Insect frass fertilizer upregulates maize defence genes and resistance against an invasive herbivore pest.

The black soldier fly frass fertilizer (BSFFF) has gained global attention as a multipurpose input for soil fertilization and pest and disease management. However, there are limited studies that have examined its effects on insect pest resistance and the underlying mechanisms. We investigated the impact of amending soil with BSFFF on maize growth, defense gene expression and resistance to a polyphagous insect herbivore, Spodoptera frugiperda (Lepidoptera: Noctuidae) through larval feeding assay. Maize growth was evaluated by measuring plant height, chlorophyll concentration, and biomass accumulation in soils amended with BSFFF, synthetic fertilizers (Di-ammonium phosphate and Calcium ammonium nitrate) and unfertilized soils at various growth stages.
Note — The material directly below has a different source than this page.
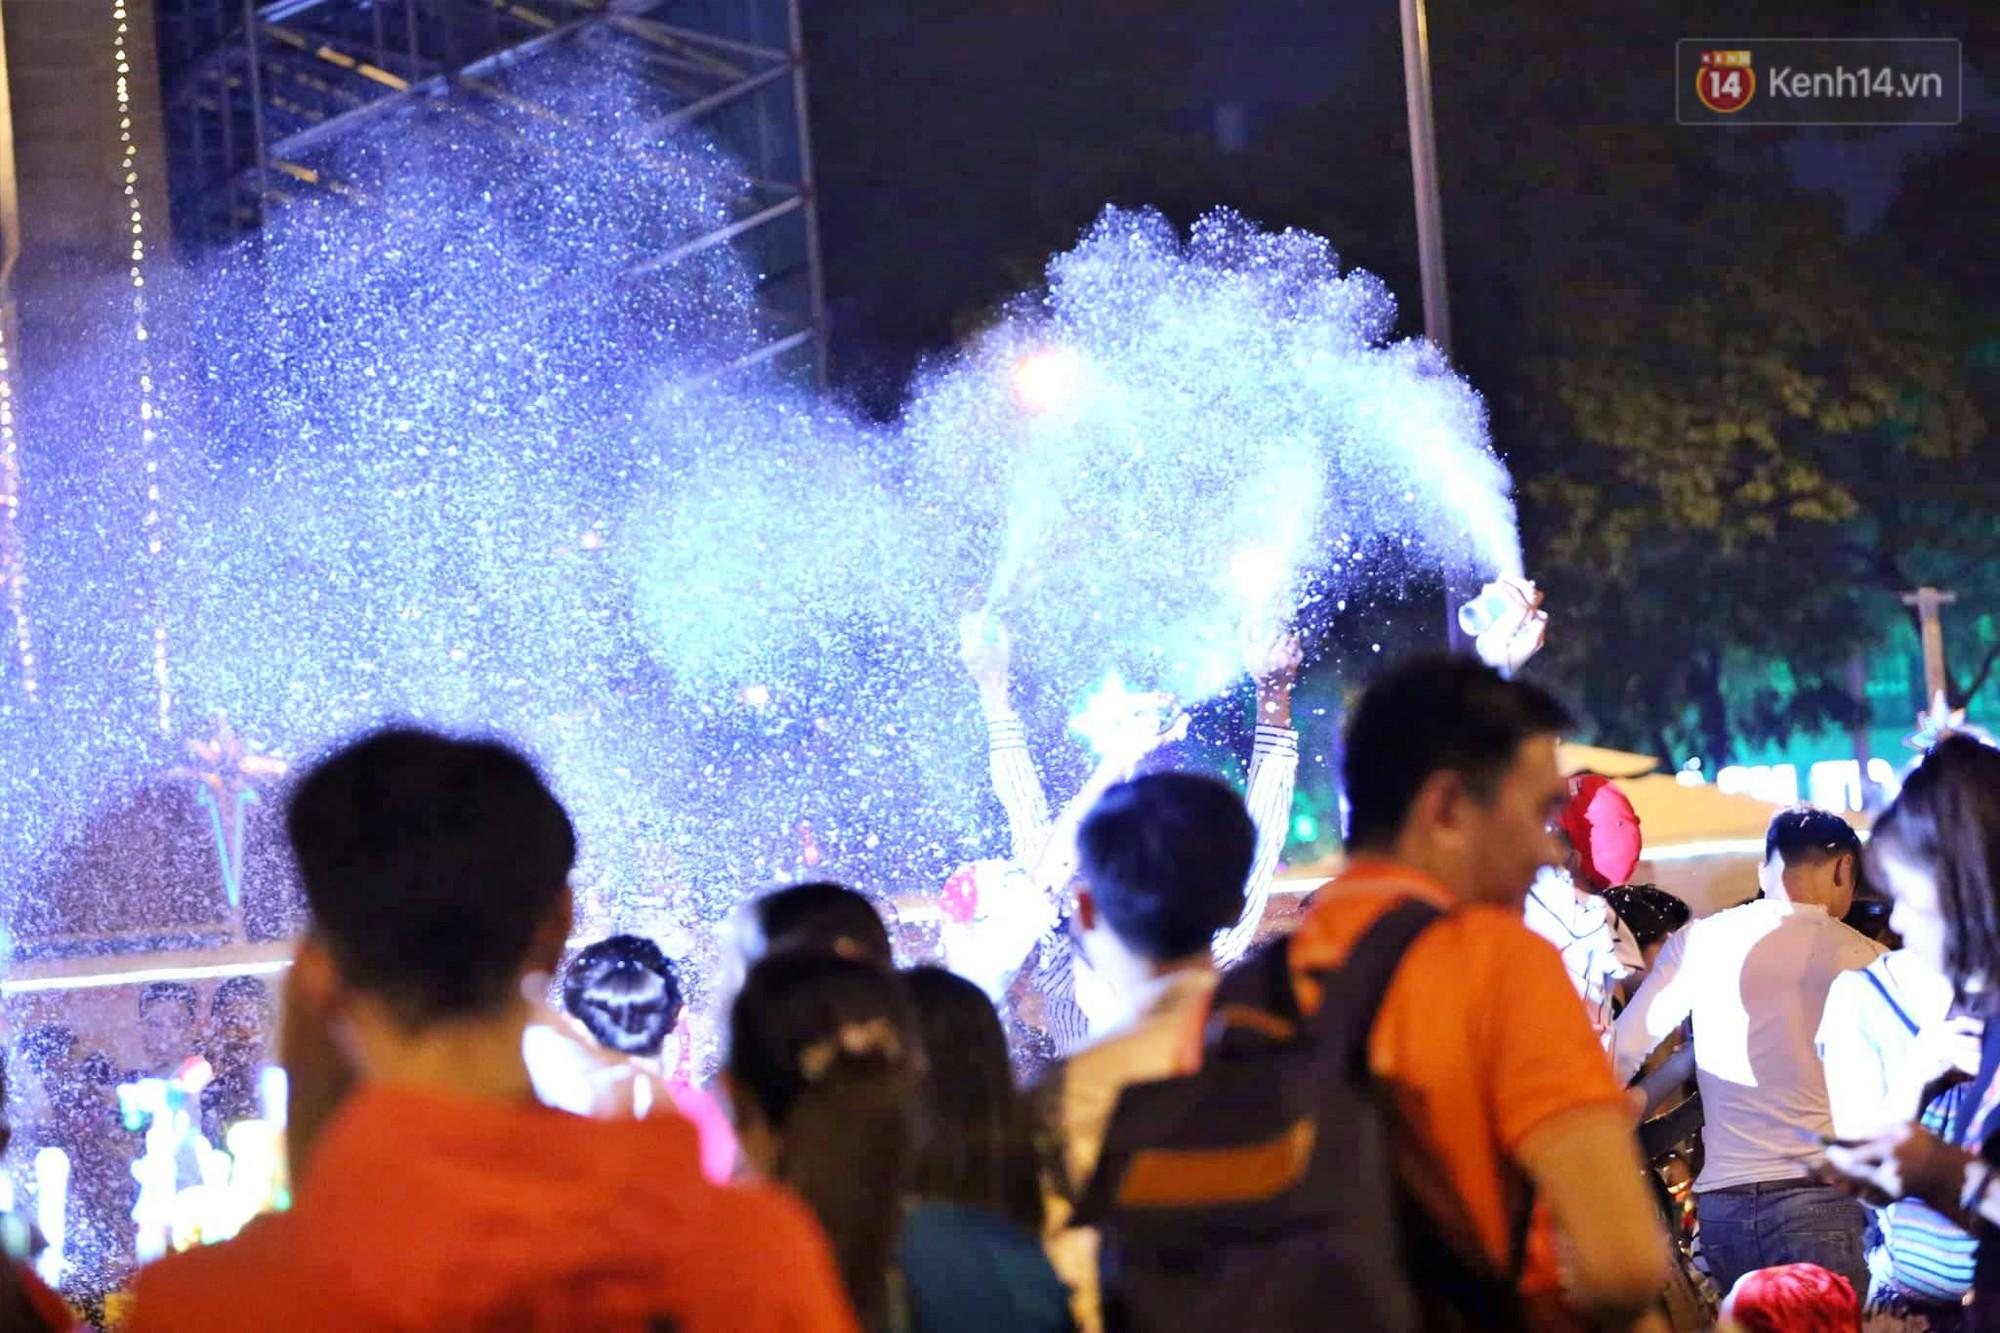 Người dân Hà Nội, Sài Gòn và Đà Nẵng nô nức xuống đường, khắp phố phường khoác lên mình tấm áo Giáng sinh đầy màu sắc - Ảnh 12.
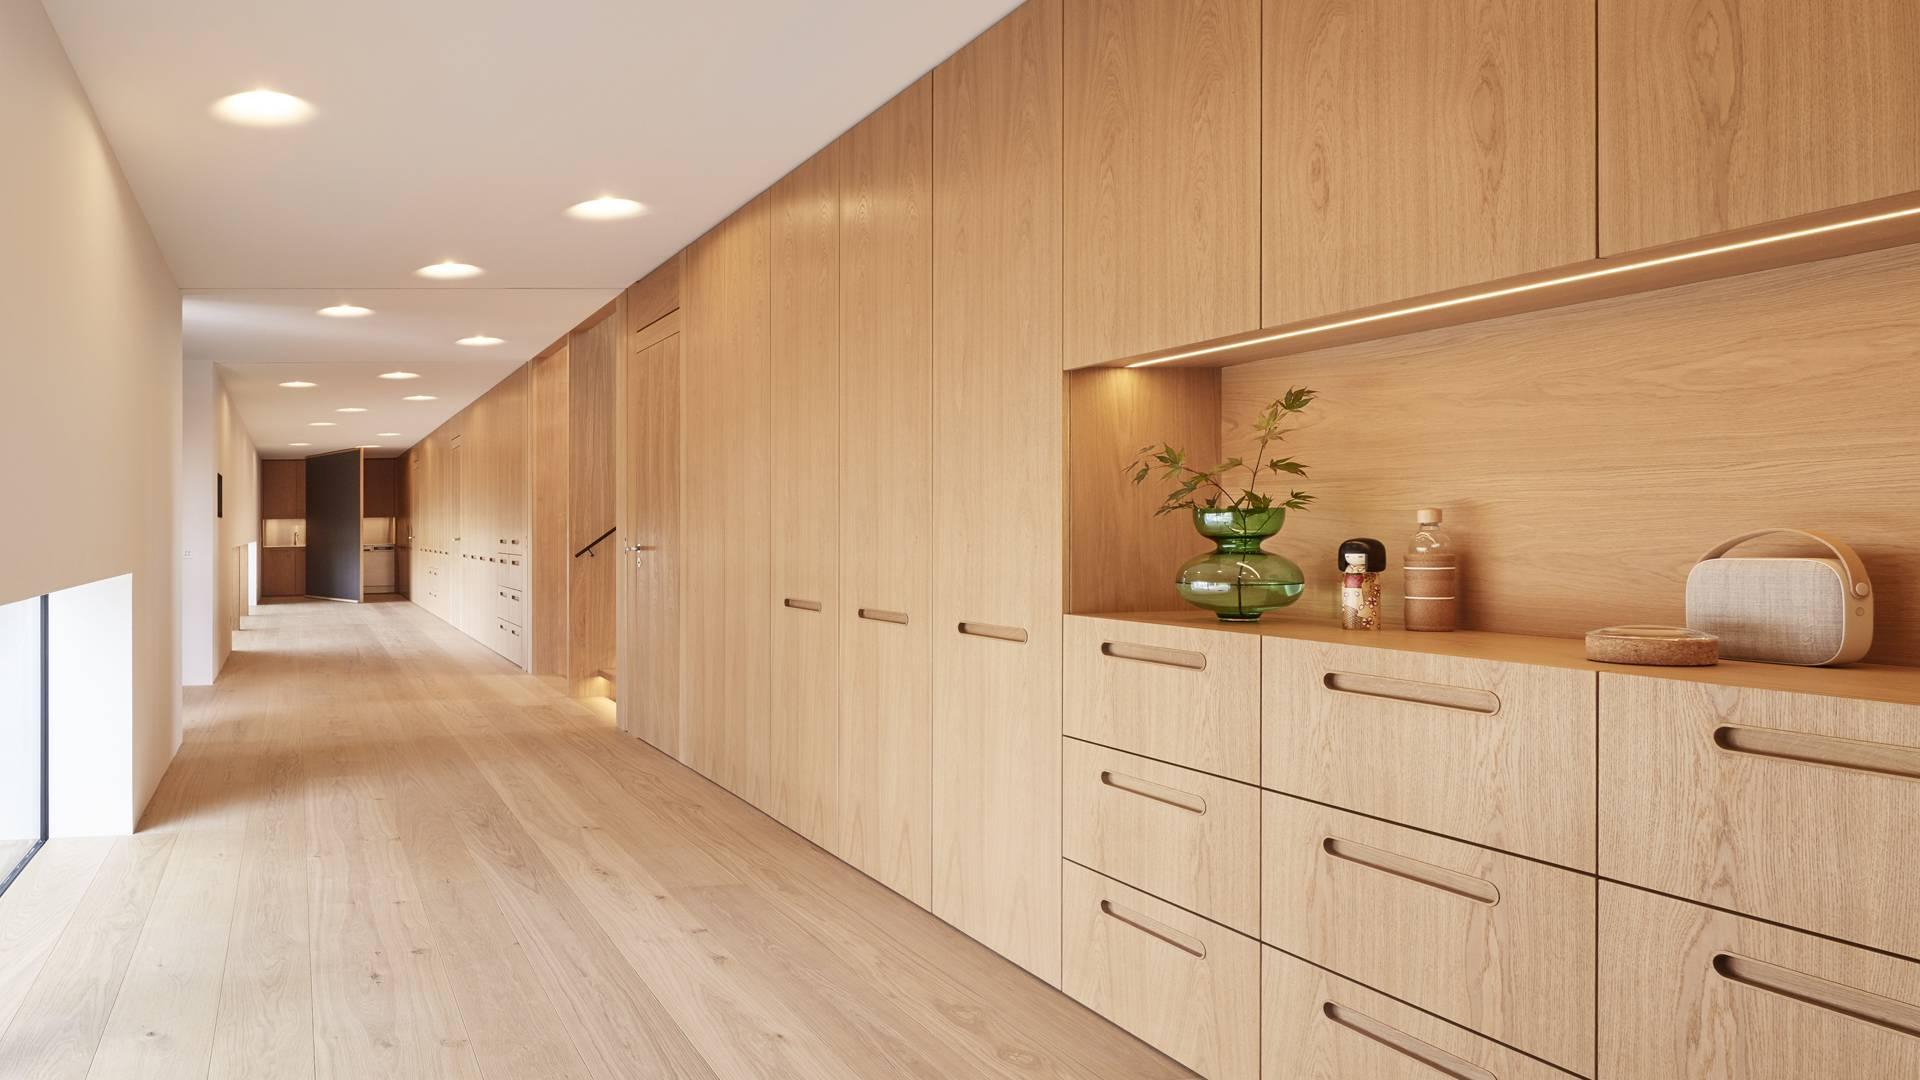 Baufritz Konzepthaus Haussicht Schrankwand

Larval feeding assays were conducted using leaf discs from maize plants grown in different amended soils. The expression level of three maize defense genes: pathogenesis related protein 5 (pr-5), maize proteinase inhibitors (mpi), and lipoxygenase 3 (lox-3) were analyzed using quantitative polymerase chain reaction (qPCR) while yield was assessed through a field trial over two cropping seasons. Maize plants grown in BSFFF amended soils showed 30% more growth, higher chlorophyll, 0.93-2.86 t ha^- 1 higher yield, and 48% better nitrogen use efficiency than from those in synthetic or unfertilized soils. Moreover, S. frugiperda larvae consumed significantly less leaf tissue from maize plants grown in BSFFF amended soils than synthetically fertilized and non-fertilized soils. Maize defense genes pr-5, mpi, and lox-3 were highly expressed both constitutively and inductively in maize planted in BSFFF amended soils compared to those grown in synthetically fertilized and non-fertilized soils. We observed a significant negative correlation between mpi gene expression and larval feeding, suggesting its role in maize resistance. Our results show that soil amendment with BSFFF strengthens plant defense systems and positively impacts plant growth and yield, contributing to increased agricultural productivity and sustainability.